▶ TASK INSTRUCTIONS: Return the listing exactly. Keep no pictures.

▶ SOURCE DATA:
------------------------------------

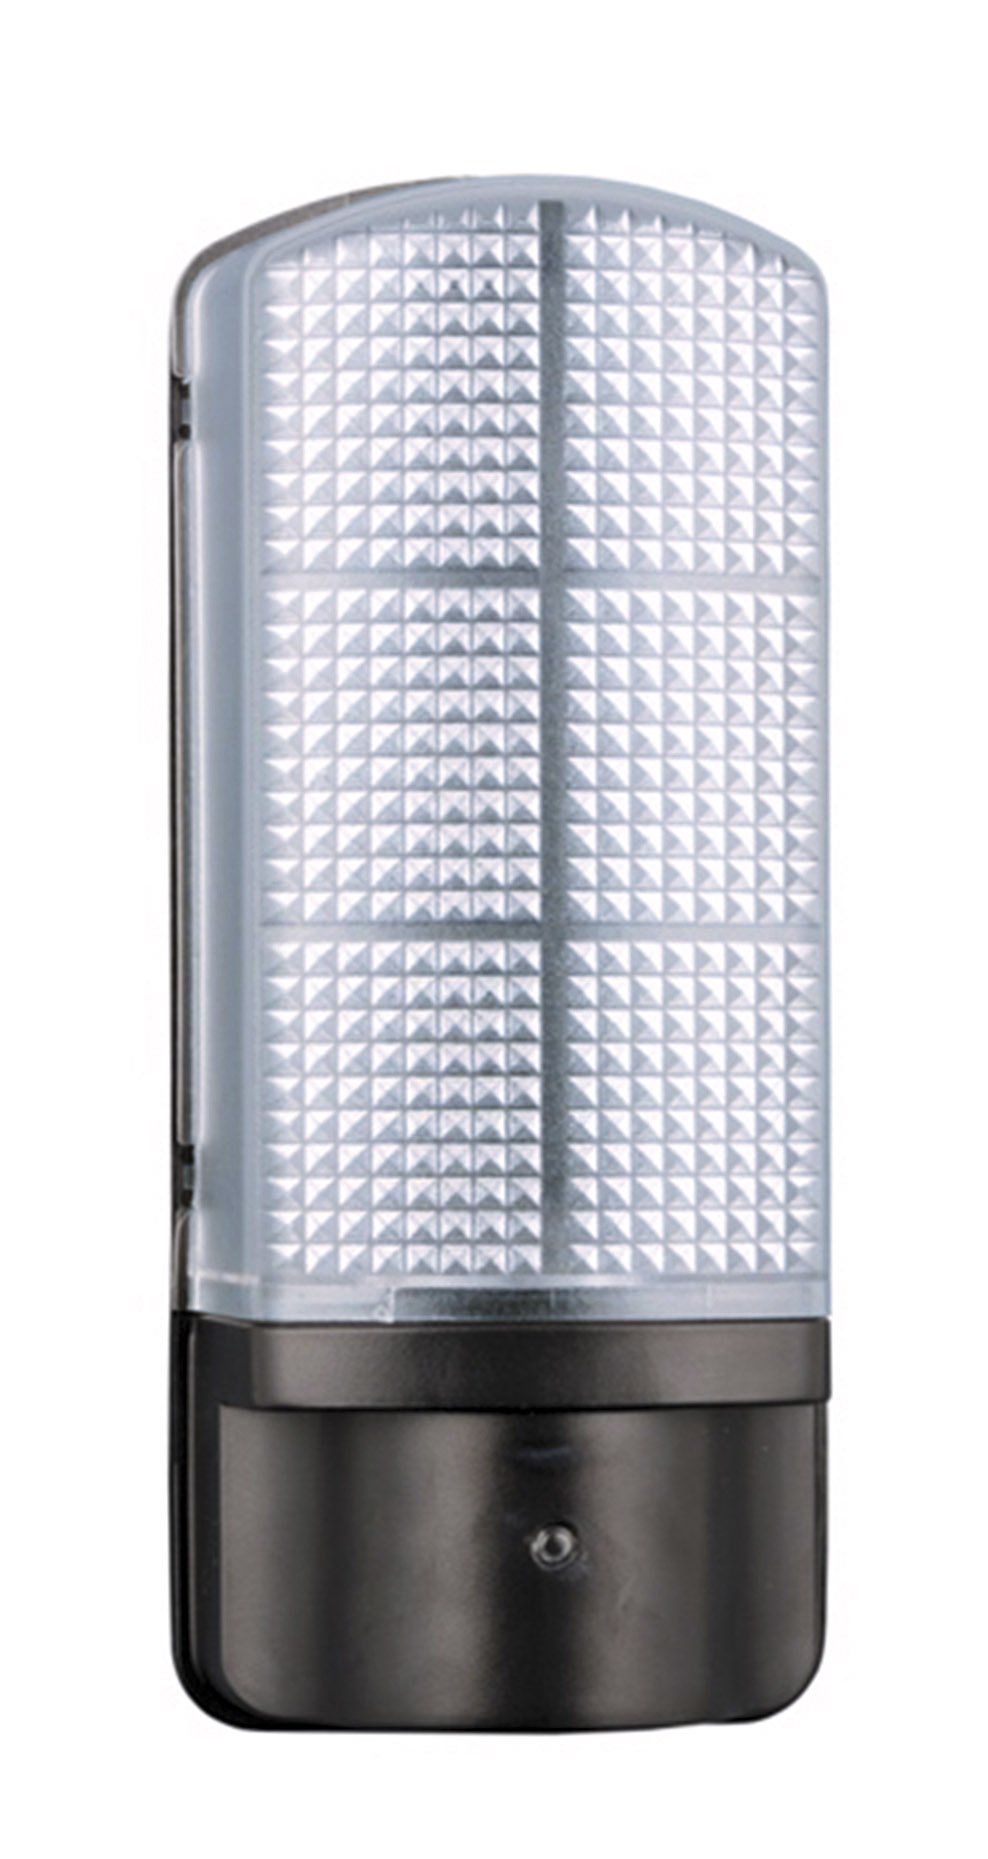 LED exterior photocell wall light
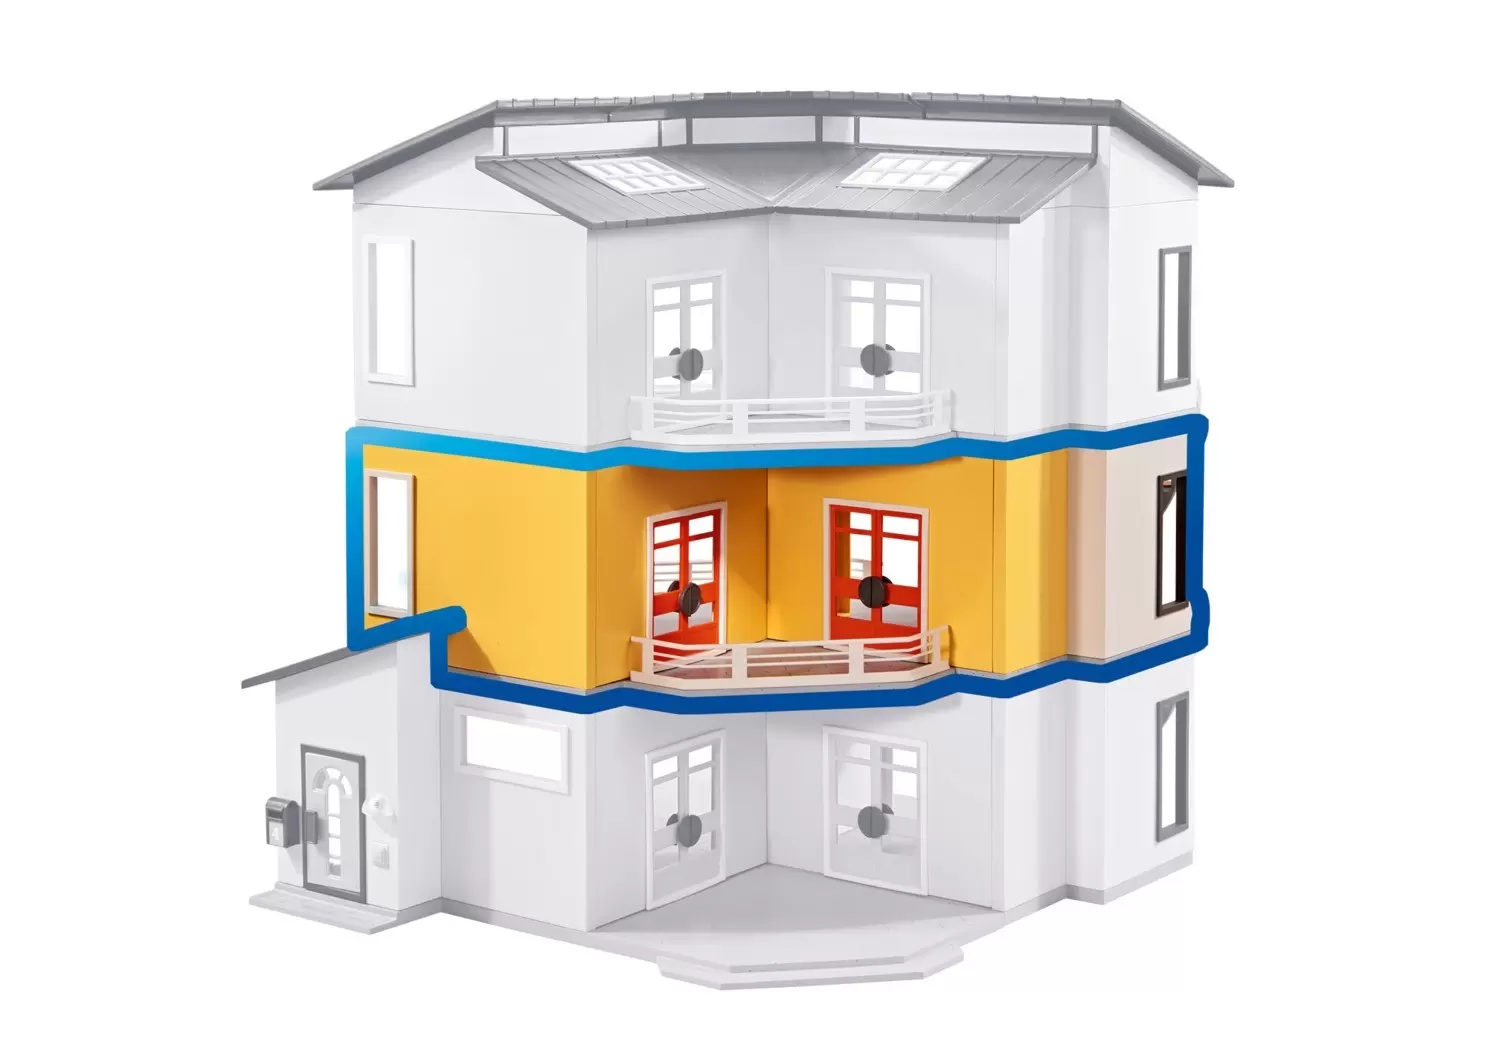 Playmobil Add On 6555 Light Kit for the Modern House 9266
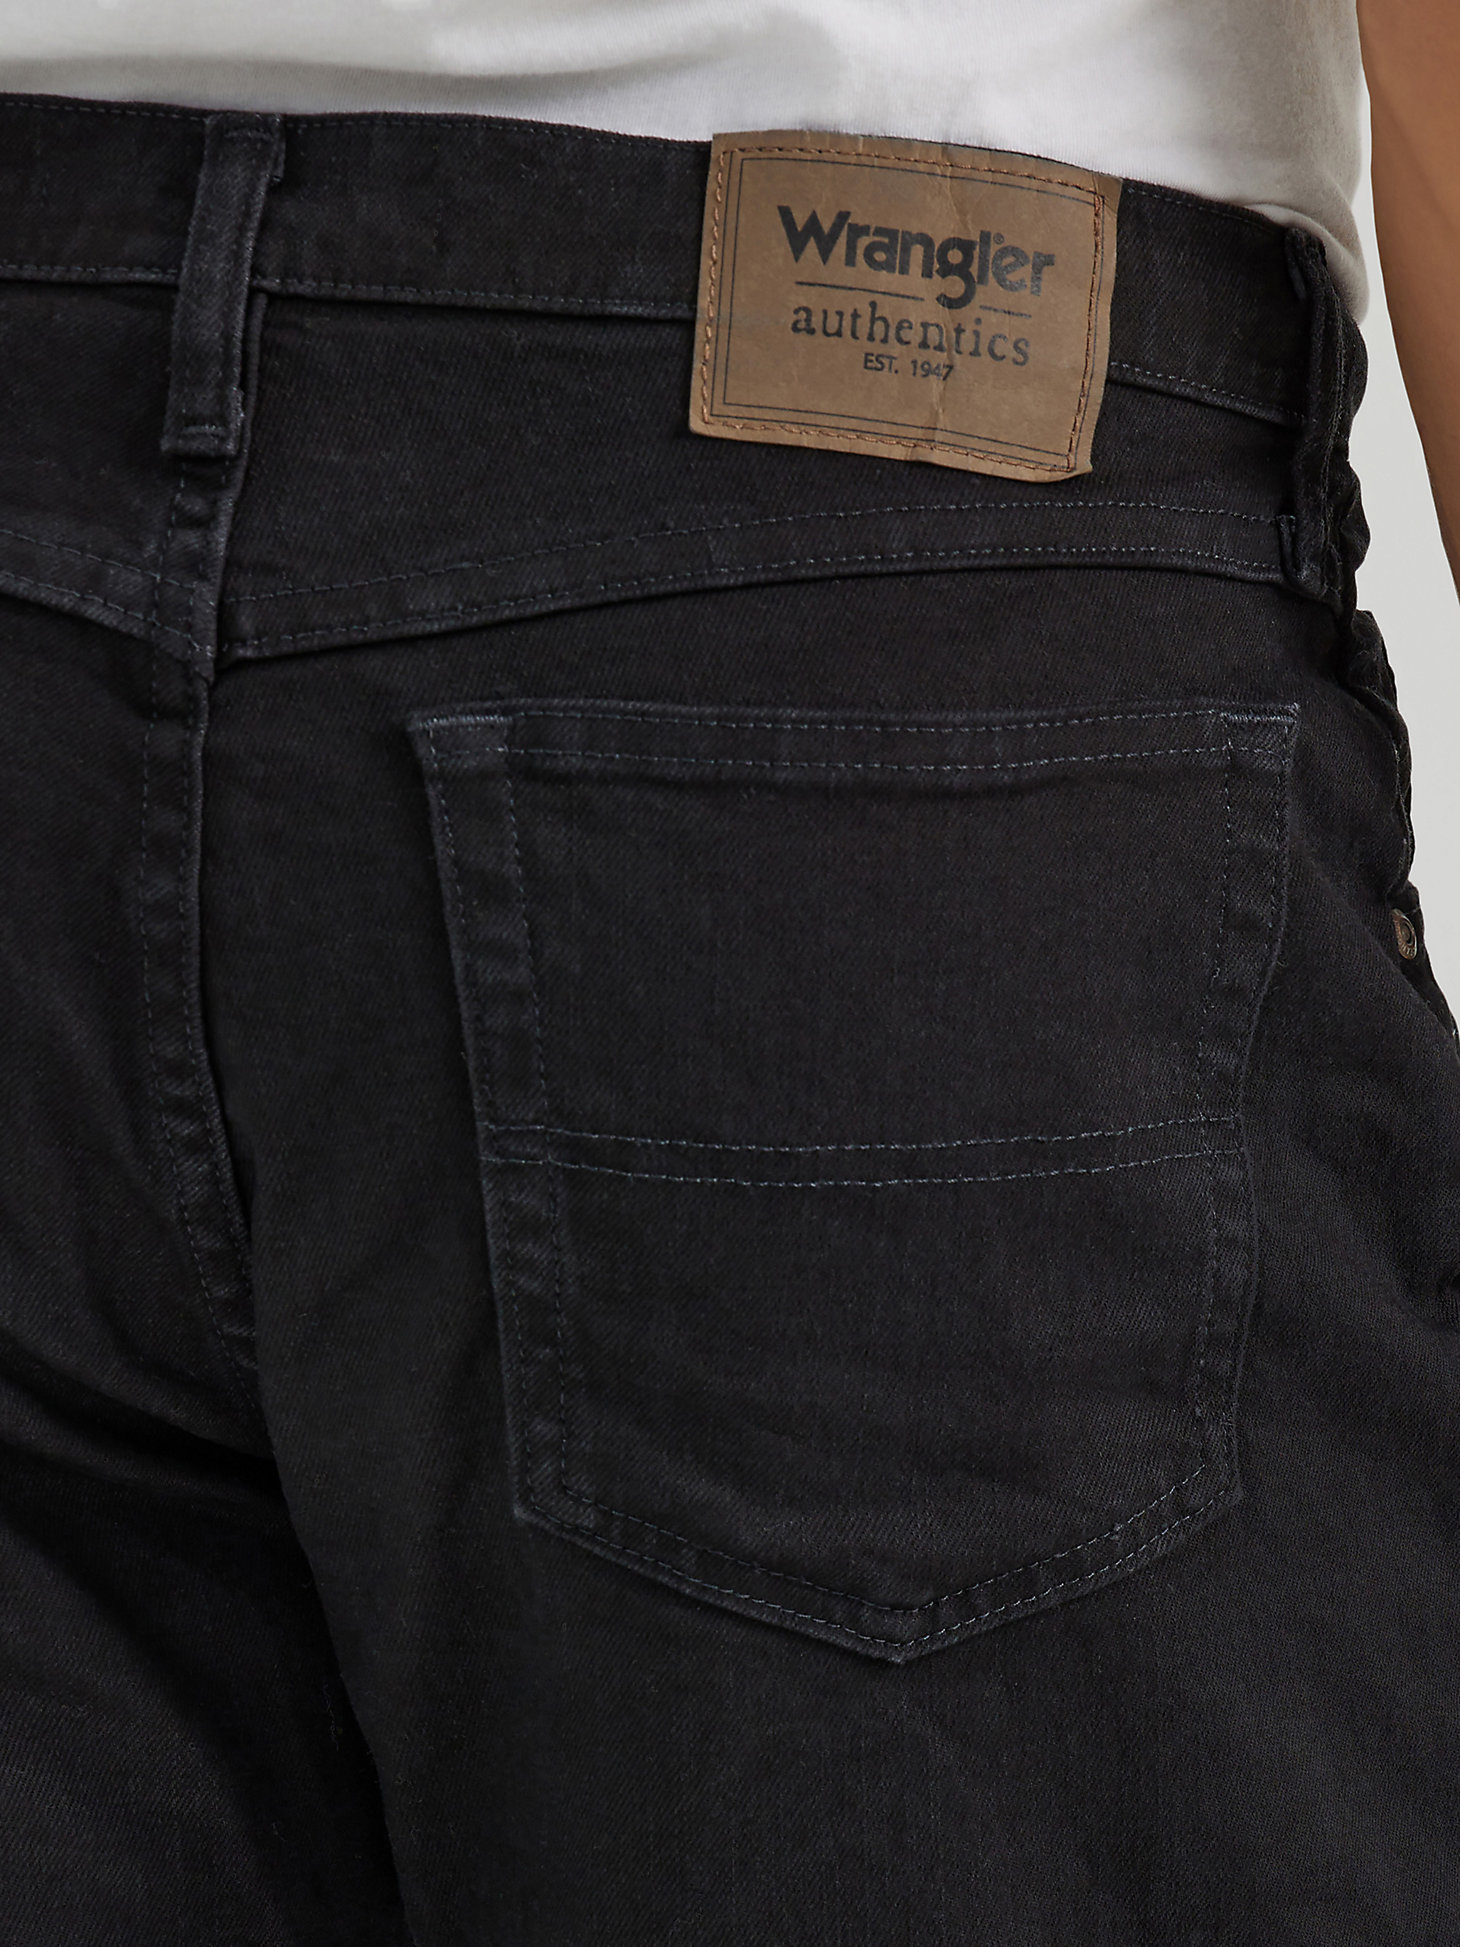 Men's Wrangler Authentics® Relaxed Fit Flex Jean in Black alternative view 2

------------------------------------

▶ WRITTEN ANSWER:
 LED exterior photocell wall light
 Playmobil Add On 6555 Light Kit for the Modern House 9266
 Men's Wrangler Authentics® Relaxed Fit Flex Jean in Black alternative view 2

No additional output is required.